(Data segment)

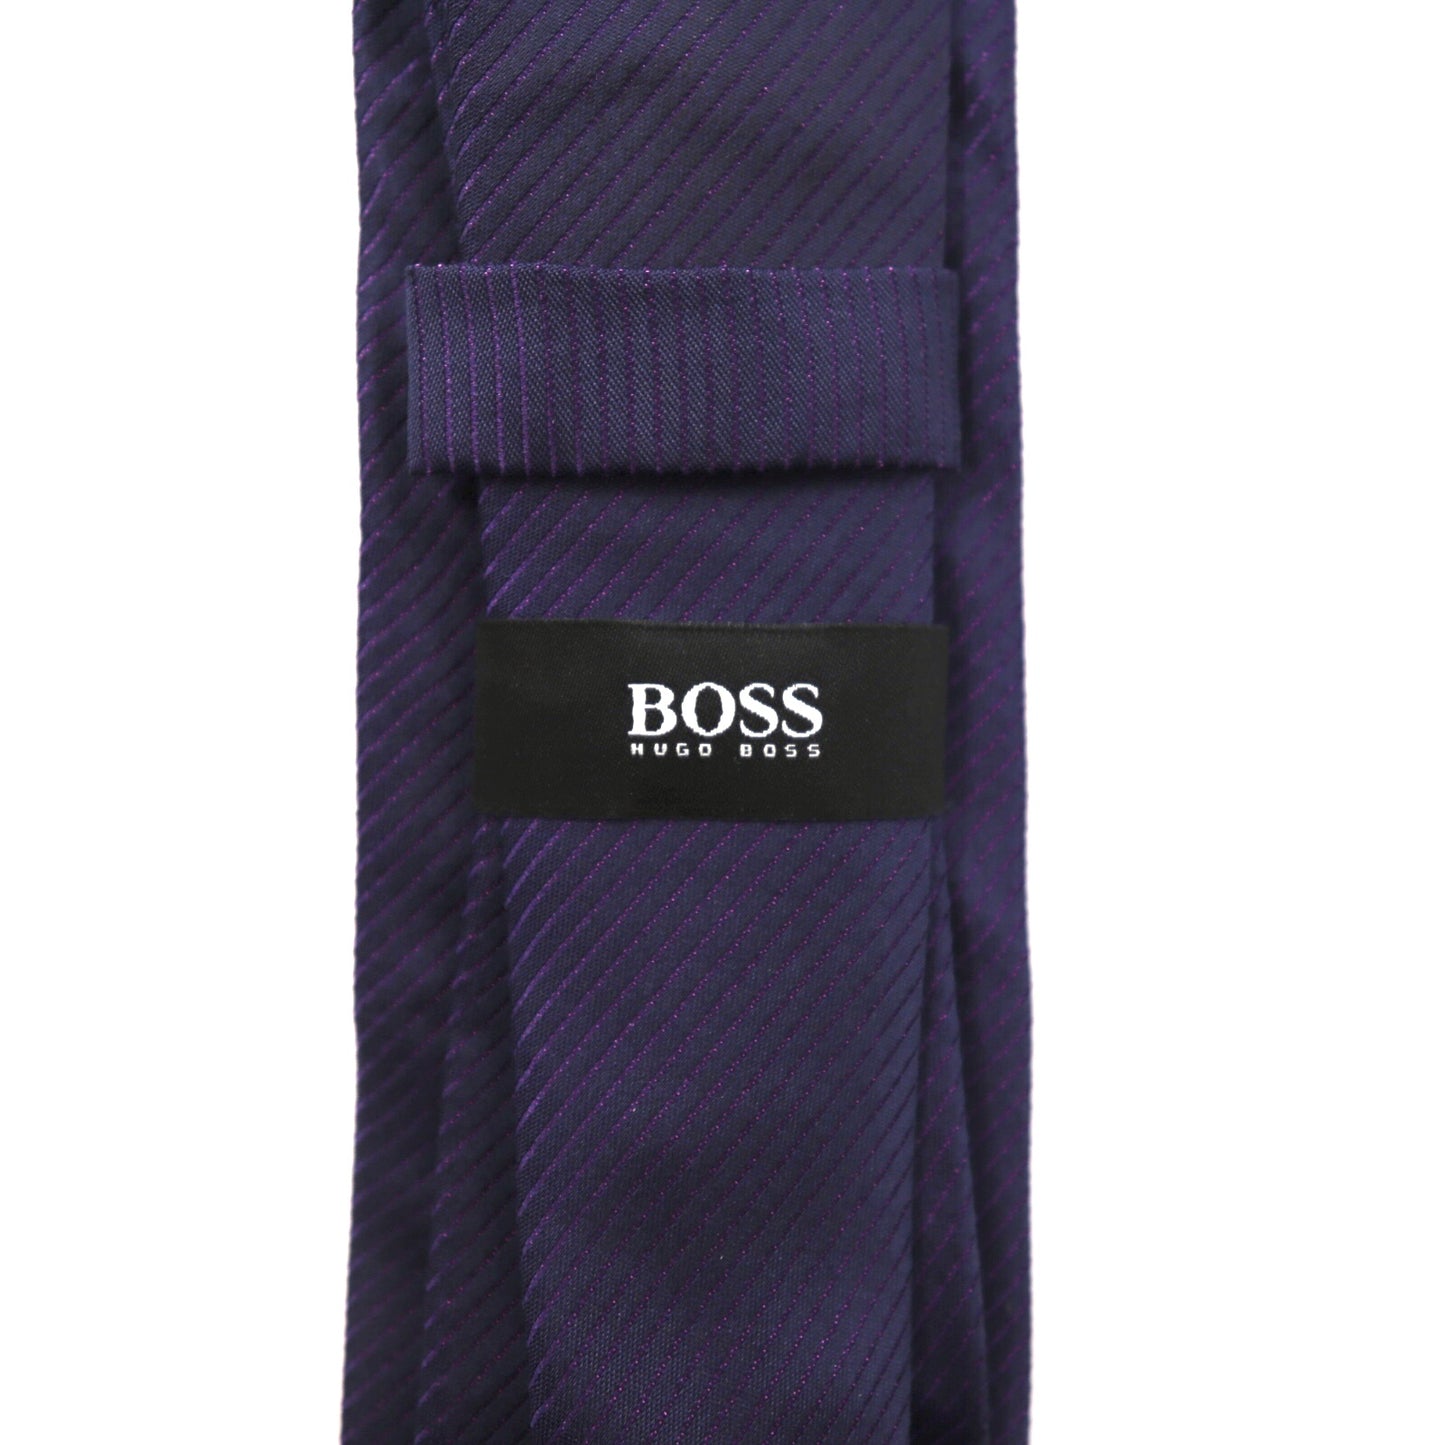 HUGO BOSS ネクタイ ネイビー シルク イタリア製
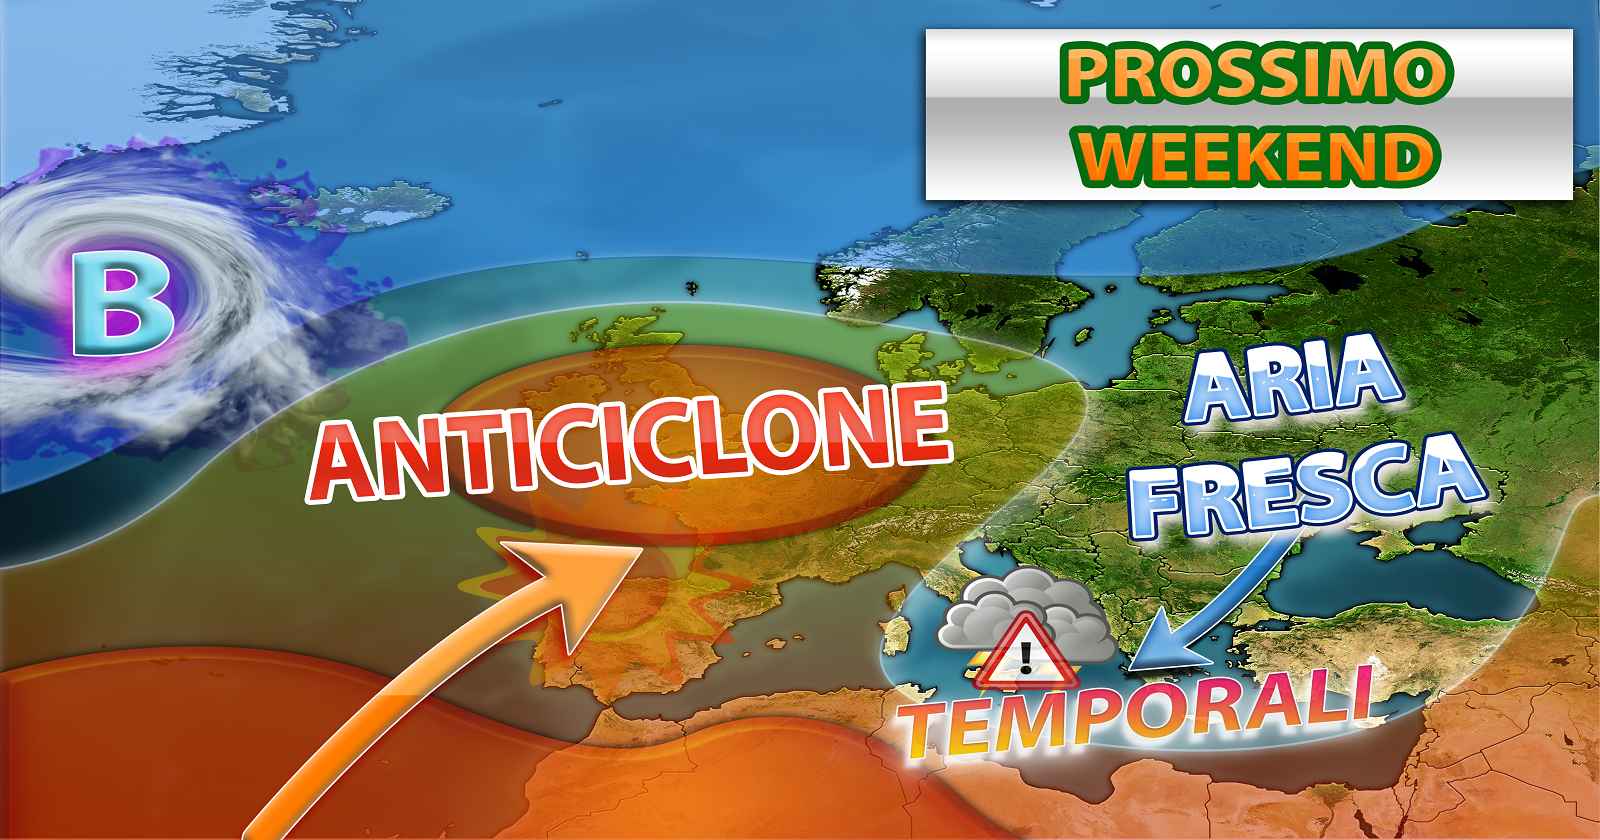 METEO WEEKEND - SCISSIONE dell'ITALIA in due zone, tra PIOGGE e TEMPORALI e BEL TEMPO, i dettagli
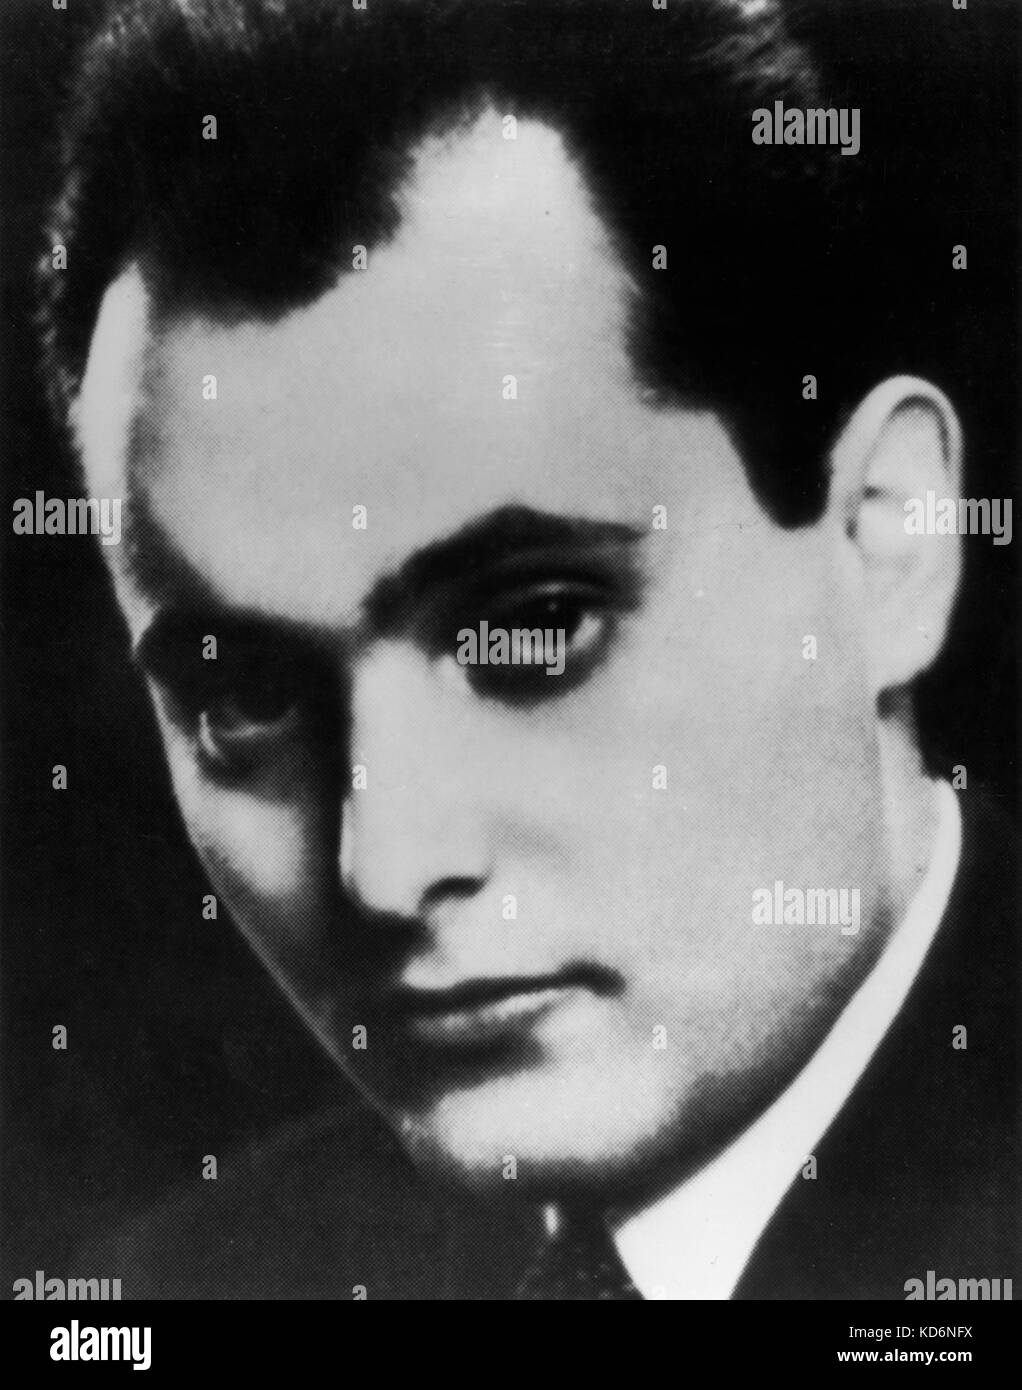 Sir Georg Solti, Zurich 1942. Chef d'orchestre né hongrois, 21 octobre 1912 - 1997. Avec la permission de Lady Solti. Banque D'Images

(End Data segment)

▶ Problem statement
Every line from the one bearing "METEO WEEKEND - SCISSIONE" through the end of the data above must be output exactly, and no picture may appear.

▶ Task result
 METEO WEEKEND - SCISSIONE dell'ITALIA in due zone, tra PIOGGE e TEMPORALI e BEL TEMPO, i dettagli
 Sir Georg Solti, Zurich 1942. Chef d'orchestre né hongrois, 21 octobre 1912 - 1997. Avec la permission de Lady Solti. Banque D'Images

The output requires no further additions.